Container and Pod Level Logging
Container Logs: The Foundation of Troubleshooting
Location: /var/log/containers/*.log
Container logs are often your first stop when debugging application issues. These logs capture everything your application writes to stdout and stderr, making them essential for understanding application behavior, errors, and performance issues.
What you’ll find here:
- Application error messages and stack traces
- Runtime exceptions and crashes
- Configuration problems
- Performance bottlenecks
- Custom application logging output
Common scenarios for checking container logs:
- Your application is crashing repeatedly
- Users report errors or unexpected behavior
- Performance issues like slow response times
- Configuration validation problems
Pro tip: Use kubectl logs <pod-name> -c <container-name>
to access these logs directly, or kubectl logs <pod-name> --previous
to see logs from a crashed container.
Pod Logs: Understanding Multi-Container Interactions
Location: /var/log/pods/*.log
Pod logs provide a broader view than individual container logs, especially valuable when dealing with multi-container pods. These logs help you understand how containers within a pod interact with each other and can reveal issues that aren’t apparent when looking at containers in isolation.
What you’ll find here:
- Inter-container communication issues
- Shared volume problems
- Network connectivity issues between containers
- Resource contention between containers in the same pod
- Init container problems affecting main containers
When to check pod logs:
- Sidecar containers aren’t working correctly
- Service mesh issues (like Istio proxy problems)
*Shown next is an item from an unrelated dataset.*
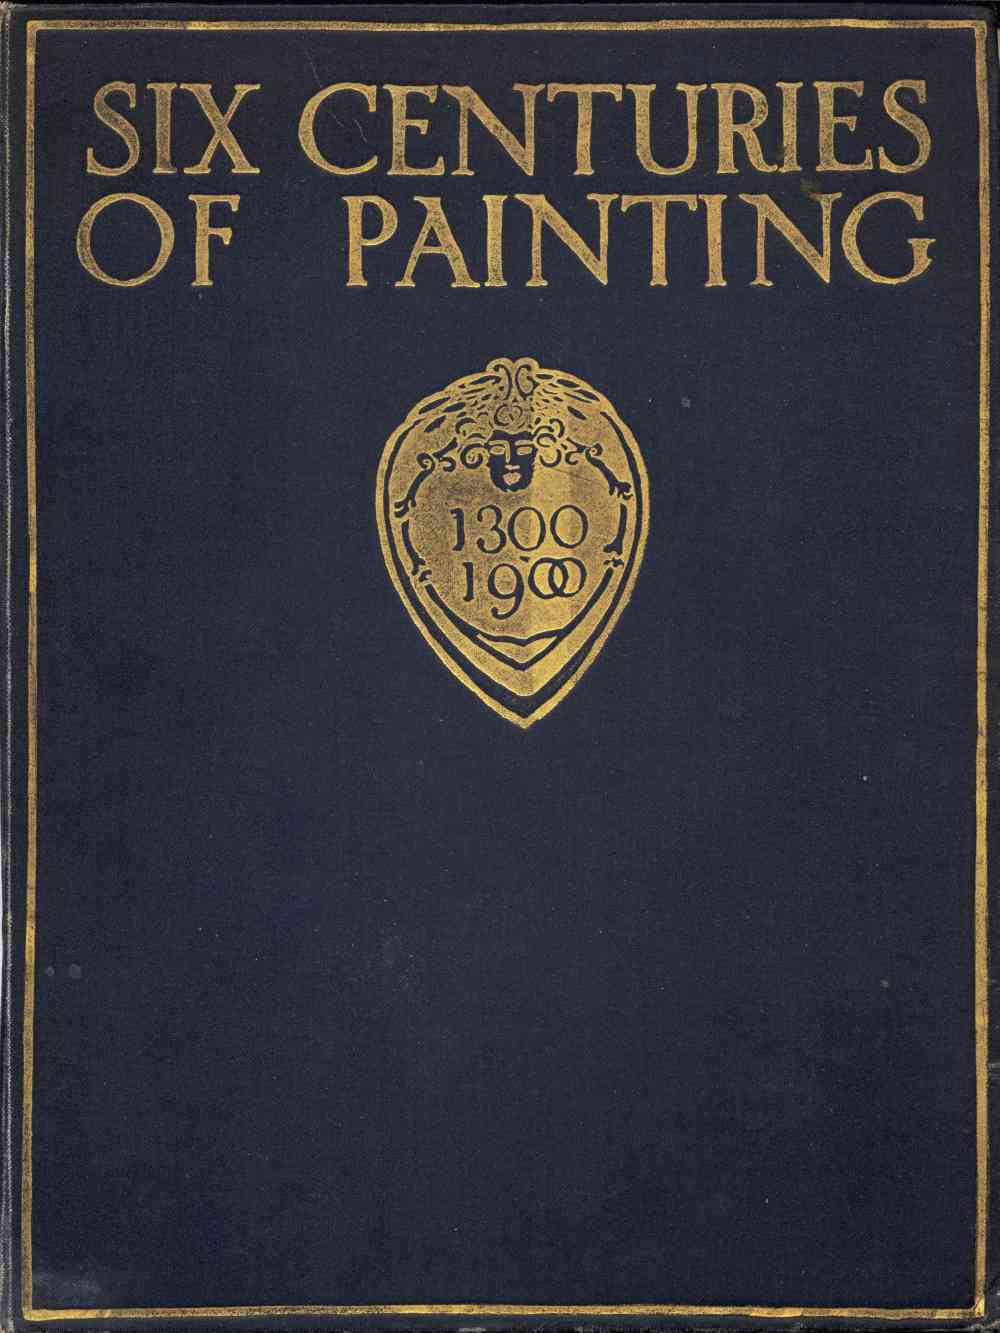 The Project Gutenberg eBook of Six Centuries Of Painting, by Randall Davies.

- Init containers are failing
- Containers can’t communicate within the pod
- Shared volume mounting issues
Kubelet: The Node Agent’s Perspective
Location: /var/log/kubelet.log
The kubelet is the primary node agent responsible for managing pods and containers on each node. Its logs provide crucial insights into pod lifecycle management, resource allocation, and communication with the control plane.
What you’ll find here:
- Pod scheduling and startup issues
- Resource allocation problems (CPU, memory, storage)
- Image pulling failures
- Volume mounting problems
- Node health and capacity issues
- Communication problems with the API server
Critical scenarios for kubelet logs:
- Pods are stuck in “Pending” state
- Containers fail to start
- Image pull errors
- Resource constraints causing pod evictions
- Node becoming unresponsive or marked as “NotReady”
Example issues you might see:
Failed to pull image "nginx:latest": rpc error: code = Unknown desc = Error response from daemon: pull access denied
Control Plane Components: The Brain of Your Cluster
The control plane consists of several critical components, each with its own logging that provides insights into cluster-wide operations.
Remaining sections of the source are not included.